Integrative and conjugative elements (ICEs) are mobile genetic elements capable of transferring their own and other DNA. They contribute to the spread of antibiotic resistance and other important traits for bacterial evolution. Exclusion is a mechanism used by many conjugative plasmids and a few ICEs to prevent their host cell from acquiring a second copy of the cognate element. ICEBs1 of Bacillus subtilis has an exclusion mechanism whereby the exclusion protein YddJ in a potential recipient inhibits the activity of the ICEBs1-encoded conjugation machinery in a potential donor. The target of YddJ-mediated exclusion is the conjugation protein ConG (a VirB6 homolog). Here, we defined the regions of YddJ and ConG that confer exclusion specificity and determined the importance of exclusion to host cells. Using chimeras that had parts of ConG from ICEBs1 and the closely related ICEBat1, we identified a putative extracellular loop of ConG that conferred specificity for exclusion by the cognate YddJ. Using chimeras of YddJ from ICEBs1 and ICEBat1, we identified two regions in YddJ needed for exclusion specificity.
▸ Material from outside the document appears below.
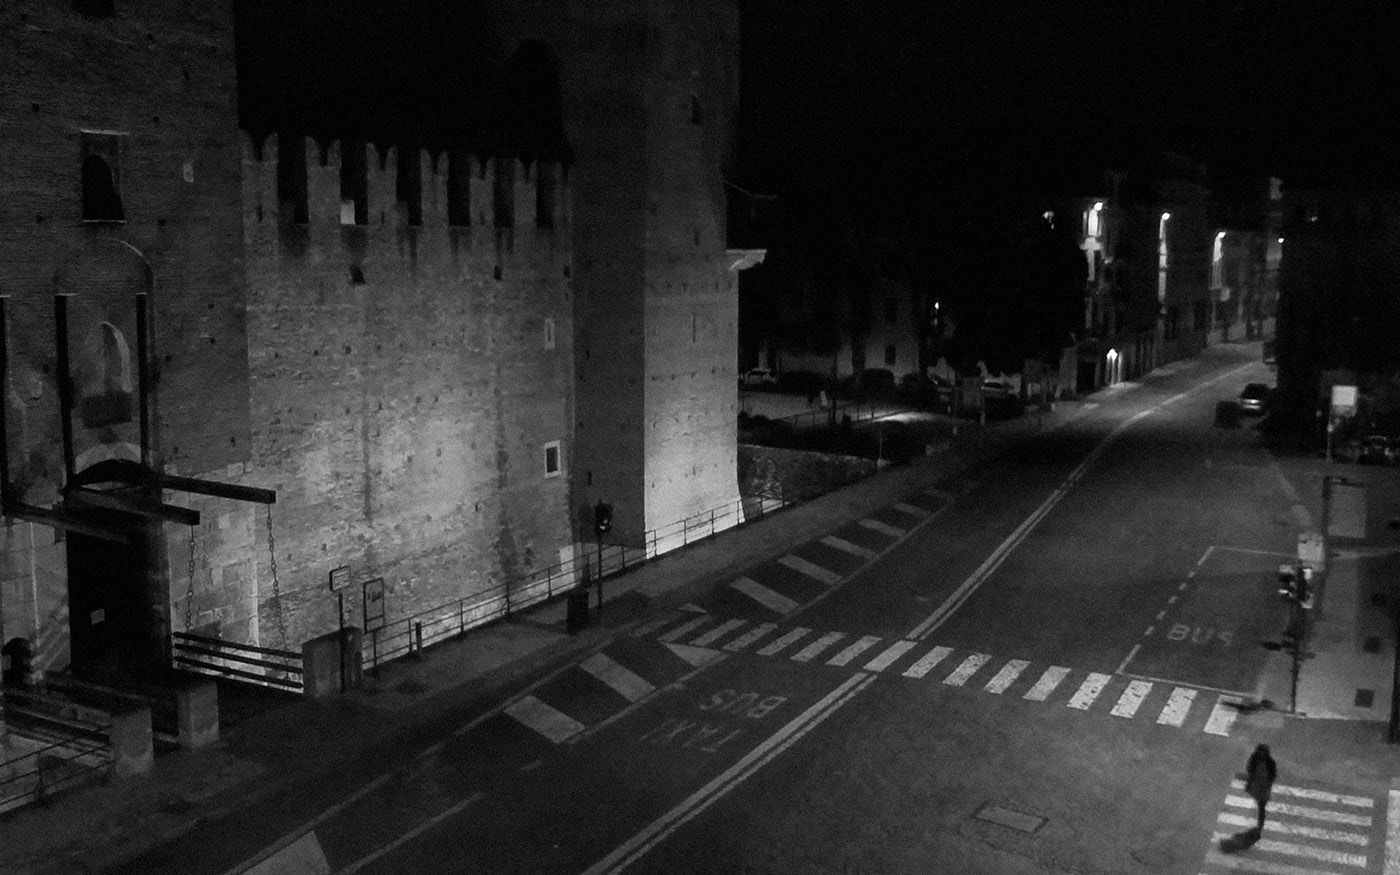 39. kép: Magányos sétáló halad a kastély falai mellett, amely a város egyik leghíresebb turisztikai látványossága. Verona.

We also found that YddJ-mediated exclusion reduced the death of donor cells following conjugation into recipients. Donor death was dependent on the ability of transconjugants to themselves become donors and was reduced under osmoprotective conditions, indicating that death was likely due to alterations in the donor cell envelope caused by excessive conjugation. We postulate that elements that can have high frequencies of transfer likely evolved exclusion mechanisms to protect the host cells from excessive death.IMPORTANCE Horizontal gene transfer is a driving force in bacterial evolution, responsible for the spread of many traits, including antibiotic and heavy metal resistance. Conjugation, one type of horizontal gene transfer, involves DNA transfer from donor to recipient cells through conjugation machinery and direct cell-cell contact. Exclusion mechanisms allow conjugative elements to prevent their host from acquiring additional copies of the element and are highly specific, enabling hosts to acquire heterologous elements. We defined regions of the exclusion protein and its target in the conjugation machinery that convey high specificity of exclusion. We found that exclusion protects donors from cell death during periods of high transfer. This is likely important for the element to enter new populations of cells.

Identification, characterization and benefits of an exclusion system in an integrative and conjugative element of Bacillus subtilis.

Integrative and conjugative elements (ICEs) are mobile genetic elements that transfer from cell to cell by conjugation (like plasmids) and integrate into the chromosomes of bacterial hosts (like lysogenic phages or transposons). ICEs are prevalent in bacterial chromosomes and play a major role in bacterial evolution by promoting horizontal gene transfer. Exclusion prevents the redundant transfer of conjugative elements into host cells that already contain a copy of the element. Exclusion has been characterized mostly for conjugative elements of Gram-negative bacteria. Here, we report the identification and characterization of an exclusion mechanism in ICEBs1 from the Gram-positive bacterium Bacillus subtilis. We found that cells containing ICEBs1 inhibit the activity of the ICEBs1-encoded conjugation machinery in other cells. This inhibition (exclusion) was specific to the cognate conjugation machinery and the ICEBs1 gene yddJ was both necessary and sufficient to mediate exclusion by recipient cells. Through a mutagenesis and enrichment screen, we identified exclusion-resistant mutations in the ICEBs1 gene conG. Using genes from a heterologous but related ICE, we found that the exclusion specificity was determined by ConG and YddJ. Finally, we found that under conditions that support conjugation, exclusion provides a selective advantage to the element and its host cells.